Дело приняло характер известных «процессов над ведьмами» уже на второй день, когда Галансков и Гинзбург, несмотря на год предварительного заключения, несмотря на давление суда, отказались признать возведенные на них голословные обвинения Добровольского, доказывали свою невиновность. Свидетельские показания в пользу Галанскова и Гинзбурга еще более озлобили суд.
Судья и прокурор в течение всего процесса помогают Добровольскому возводить ложные обвинения на Галанскова и Гинзбурга. Адвокатам то и дело не разрешают задавать вопросы, свидетелям не дают давать показания, разоблачающие провокационную роль Добровольского в этом деле.
Судья Миронов ни разу не остановил прокурора — представителя обвинения. Лицам же, представляющим защиту, он позволяет говорить лишь то, что укладывается в заранее намеченную следствием КГБ программу. Когда кто-либо из участников процесса пытается нарушить отрепетированный спектакль, судья кричит: «Ваш вопрос снят!.. Это не имеет отношения к делу!.. Я не разрешаю вам говорить!..» Эти окрики обращены к подсудимым (кроме Добровольского), к их адвокатам, к свидетелям.
Свидетели выходят из зала после допроса — вернее, их выталкивают — в подавленном состоянии, чуть ли не в истерике.

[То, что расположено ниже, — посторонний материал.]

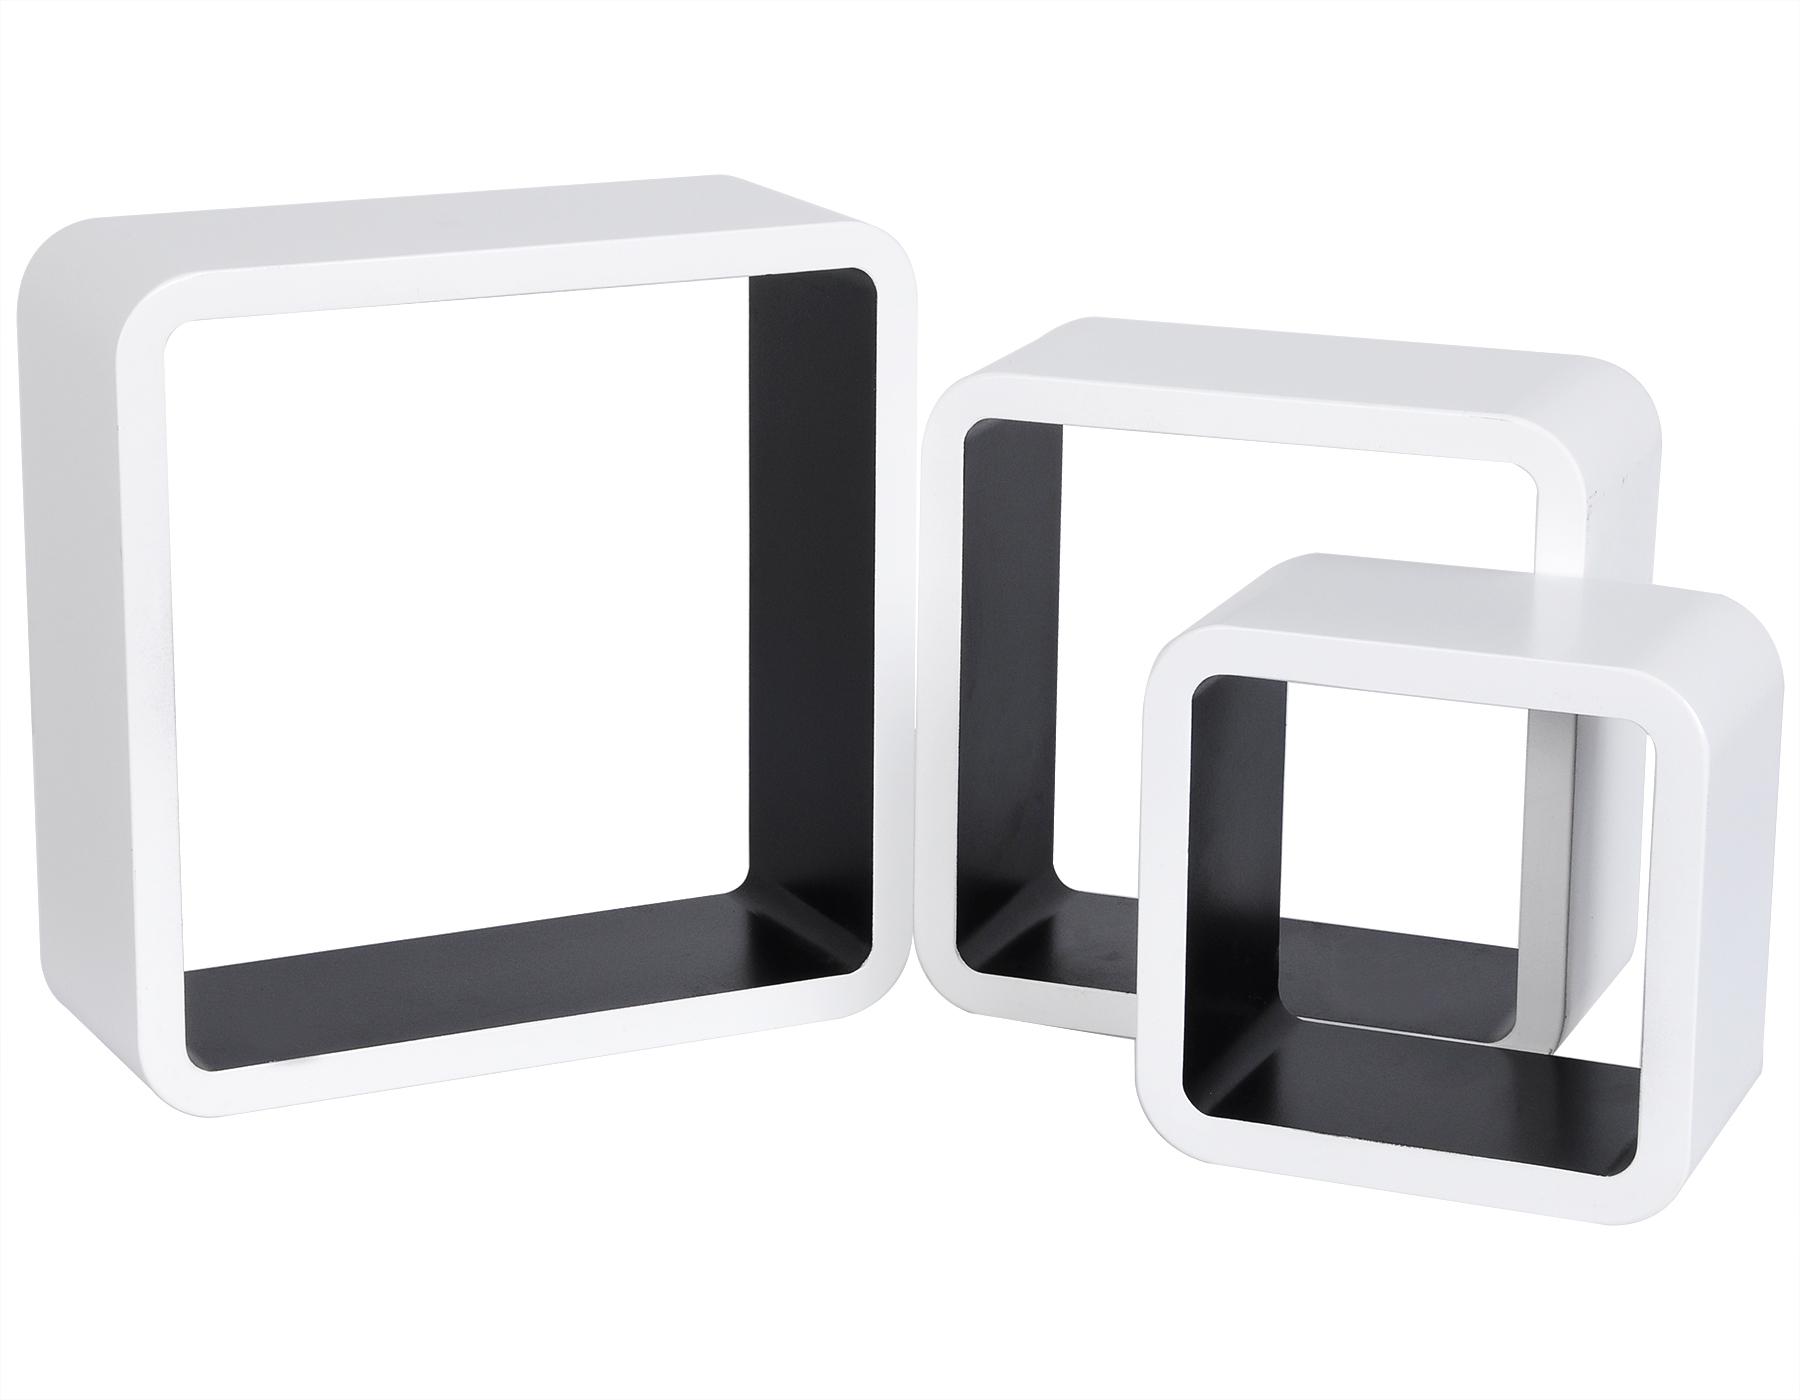 wandregal h ngeregal b cherregal cd regal cube regale holz wei schwarz rg9236sz ebay. Black Bedroom Furniture Sets. Home Design Ideas

Свидетельнице Е. Басиловой не дали сделать заявление суду — она хотела рассказать о том, как КГБ преследовал ее психически больного мужа, показания которого, данные на следствии в состоянии невменяемости, играют важную роль в обвинительном заключении. Басилову вытолкали из зала суда под окрики судьи и вой публики, заглушавшие ее слова.
П. Григоренко подал заявление о том, что он просит допустить его в качестве свидетеля, так как он может объяснить суду происхождение денег, найденных у Добровольского (по словам Добровольского, их дал ему Галансков). Заявление Григоренко отклонили под тем предлогом, что он якобы психически болен (это неправда).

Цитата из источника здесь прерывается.